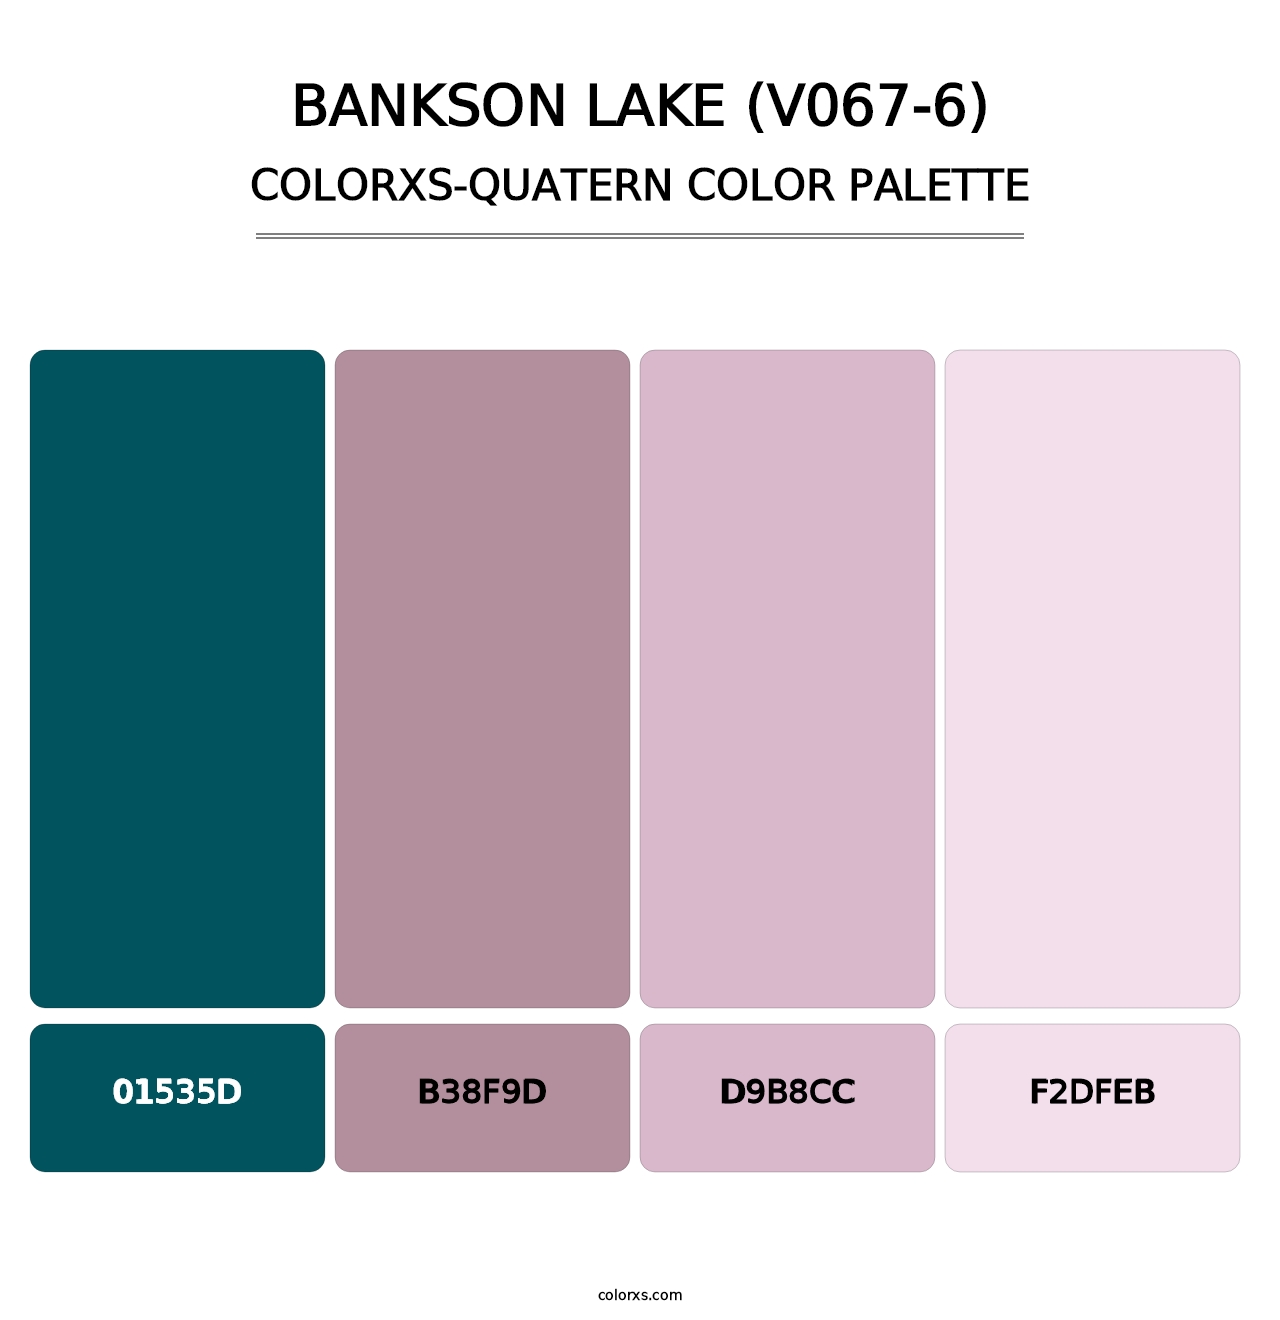 Bankson Lake (V067-6) - Colorxs Quatern Palette
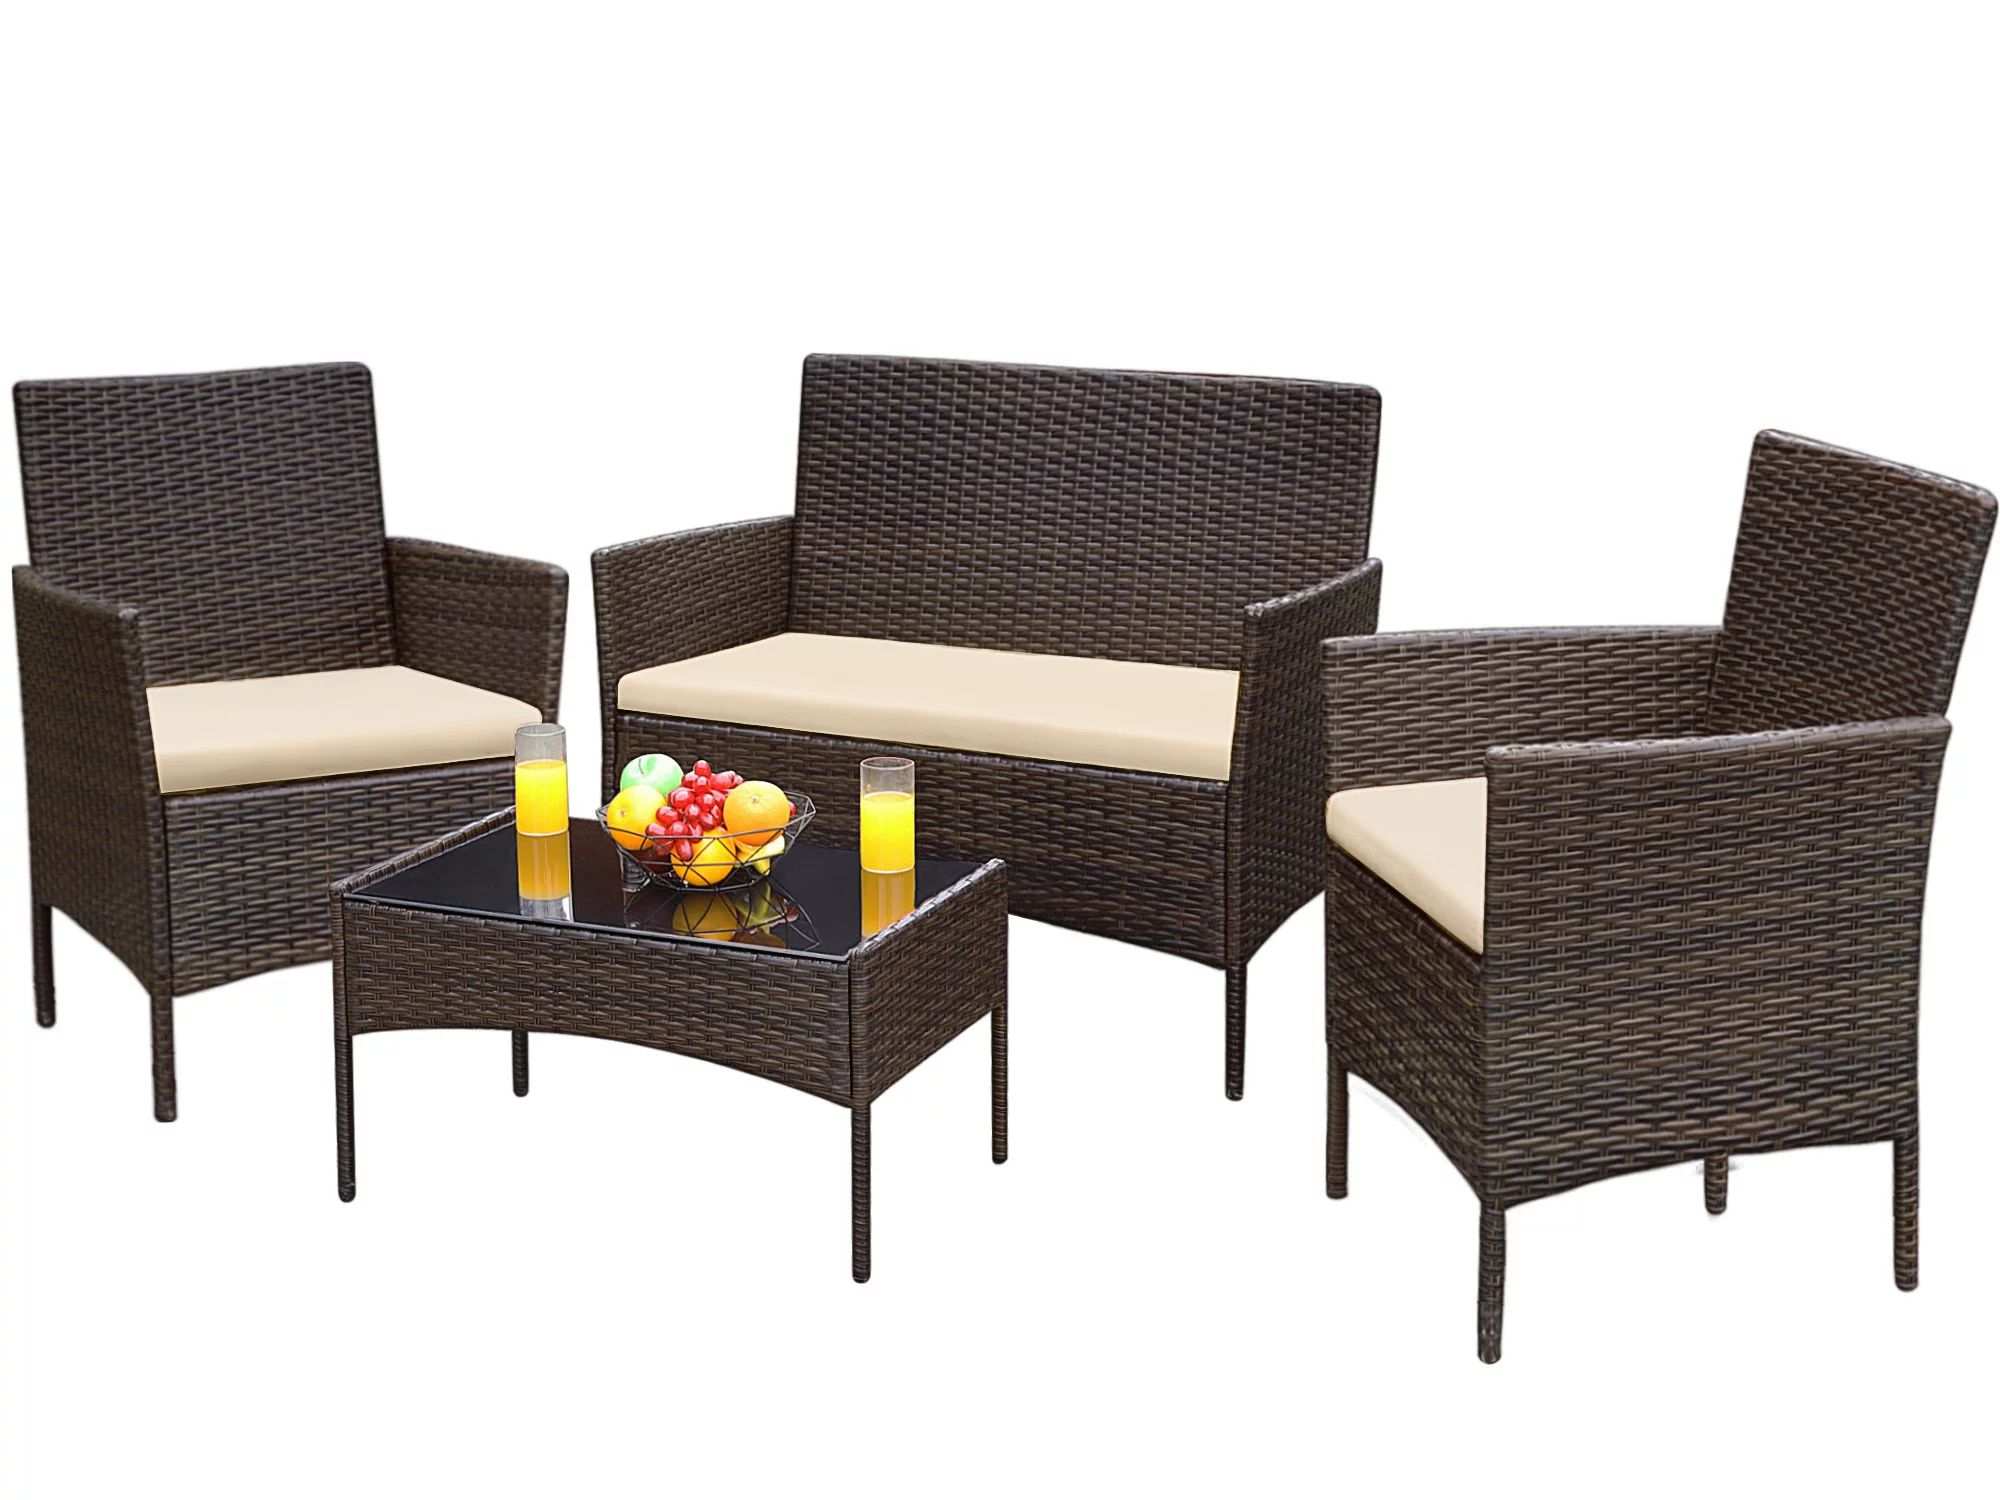 Devoko 4 Pieces Outdoor Patio Conversation Set PE Rattan Wicker Furniture Set, Brown/Beige | Walmart (US)
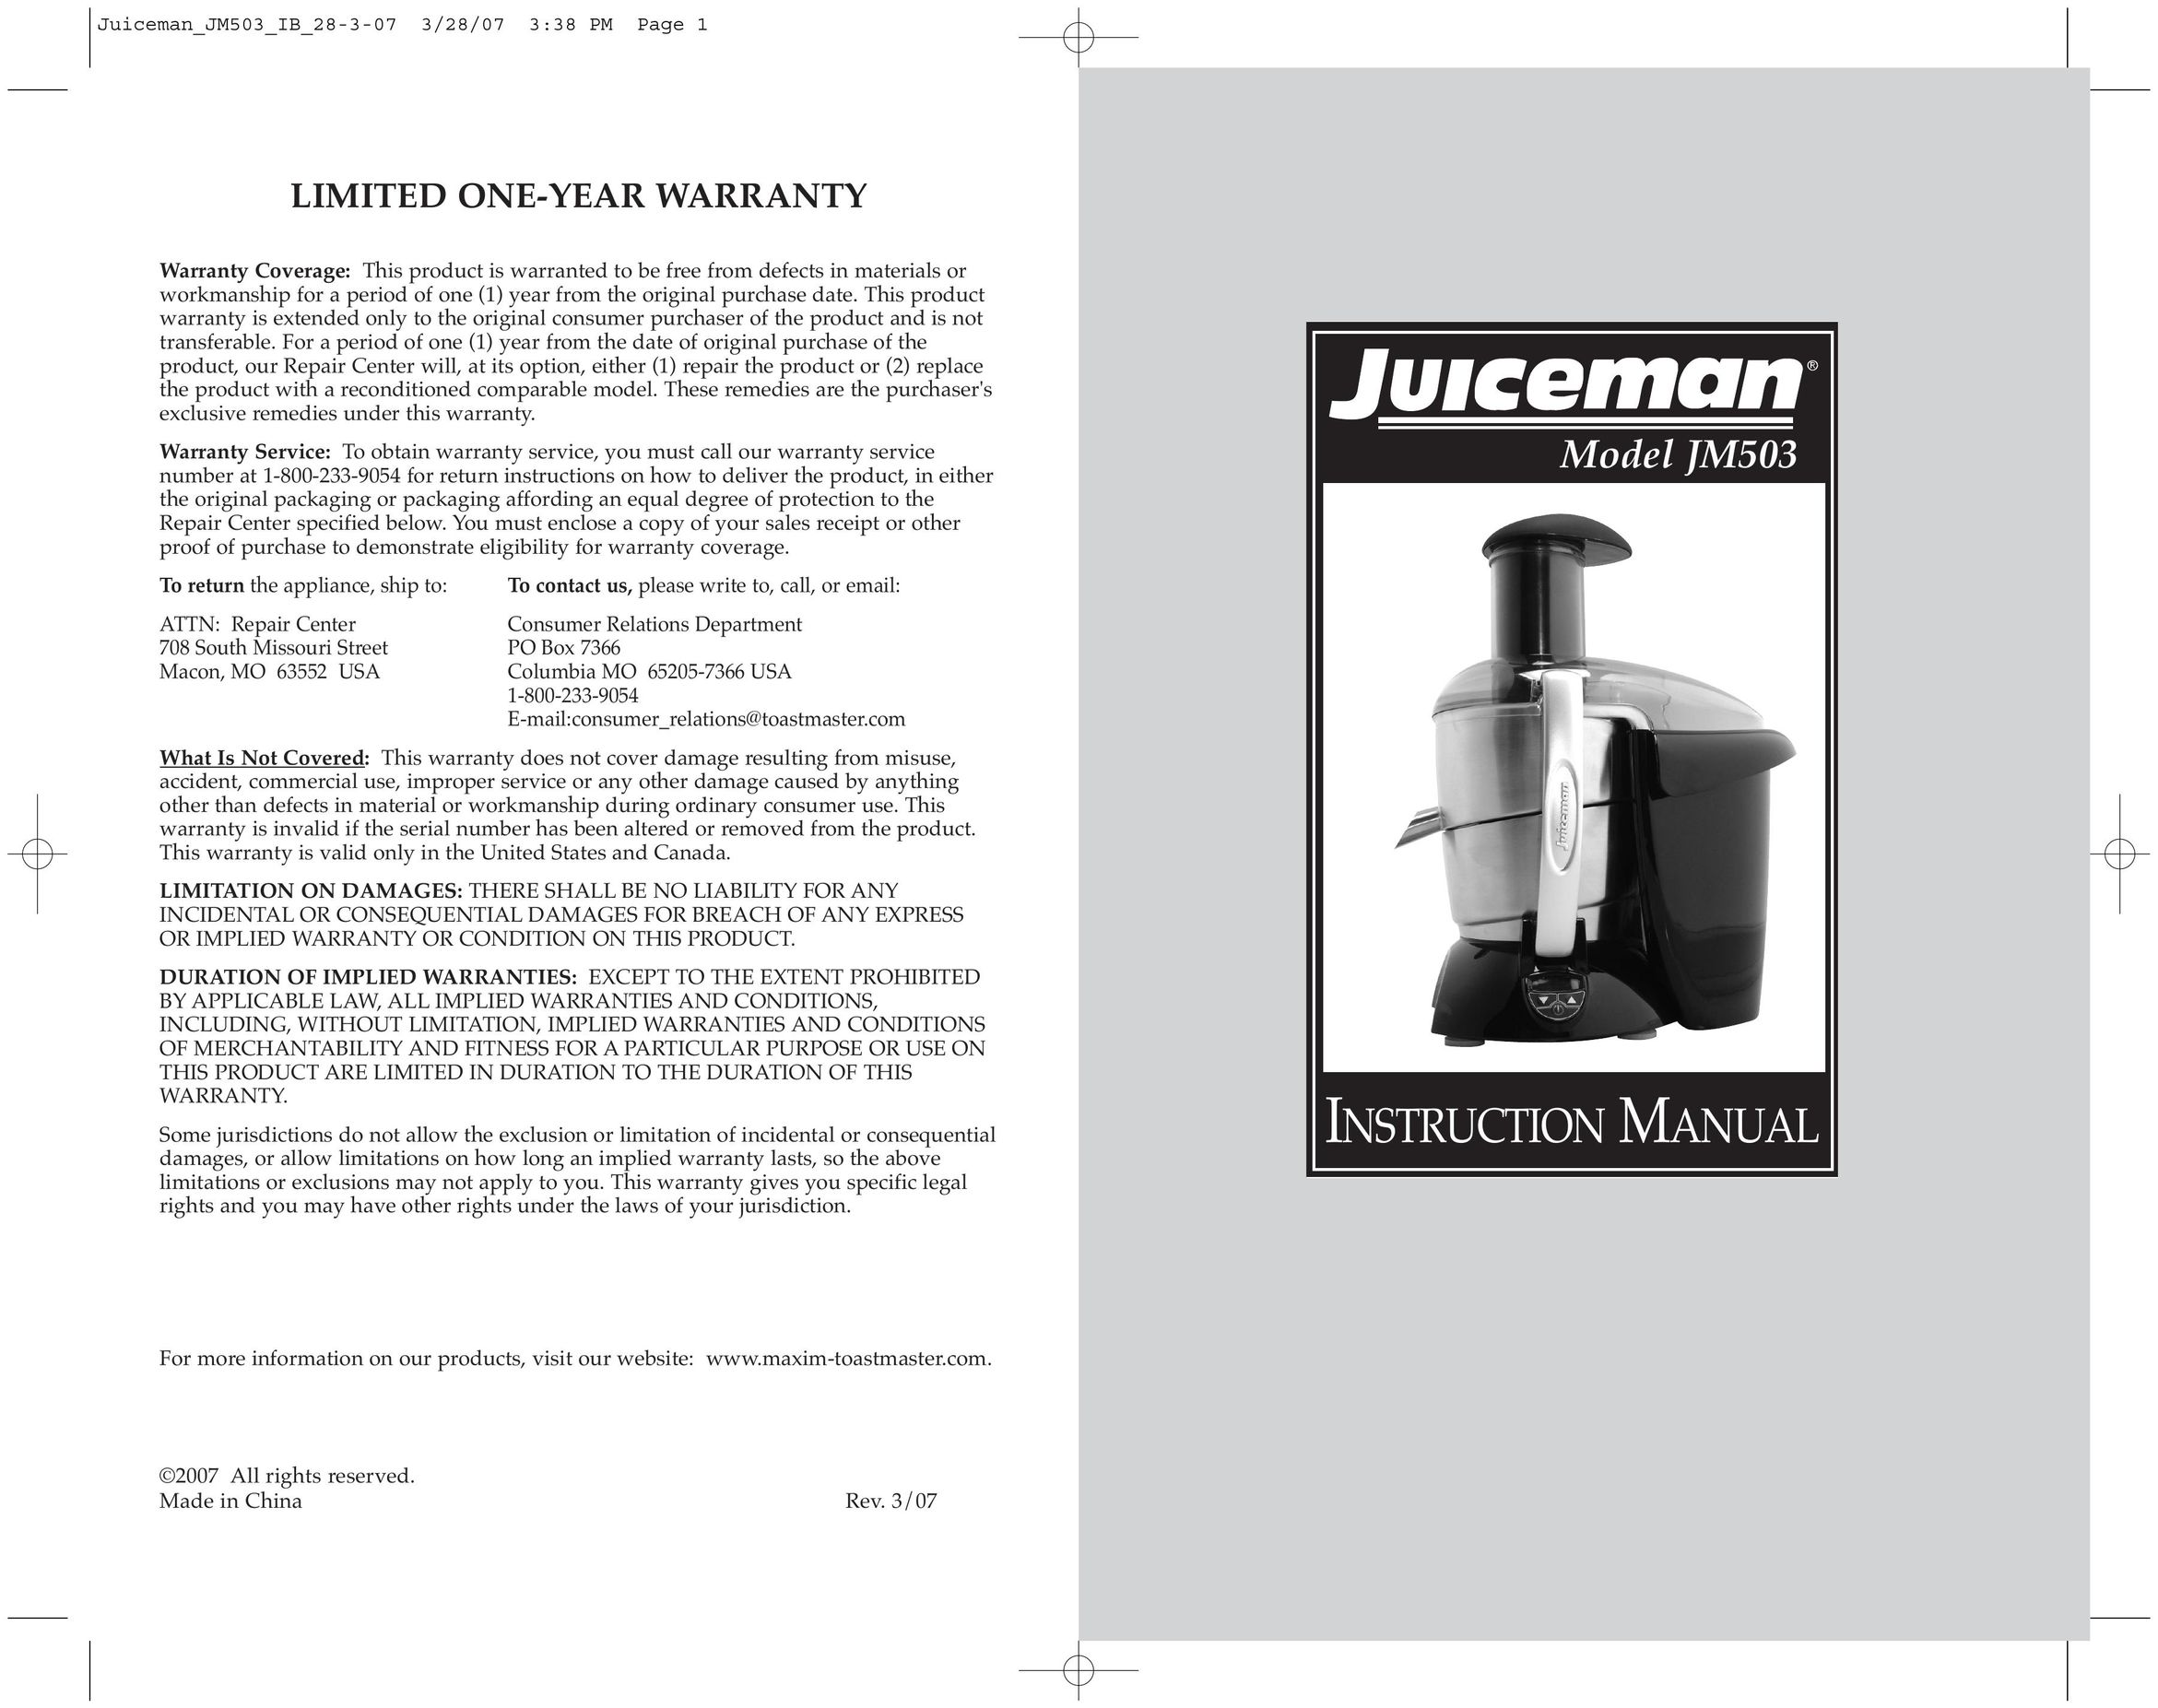 Toastmaster JM503 Juicer User Manual

TASK DESCRIPTION: Exactly as written, return each line above and leave the pictures behind.

COMPLETED EXERCISE:
 Bankson Lake (V067-6) - Colorxs Quatern Palette
 Devoko 4 Pieces Outdoor Patio Conversation Set PE Rattan Wicker Furniture Set, Brown/Beige | Walmart (US)
 Toastmaster JM503 Juicer User Manual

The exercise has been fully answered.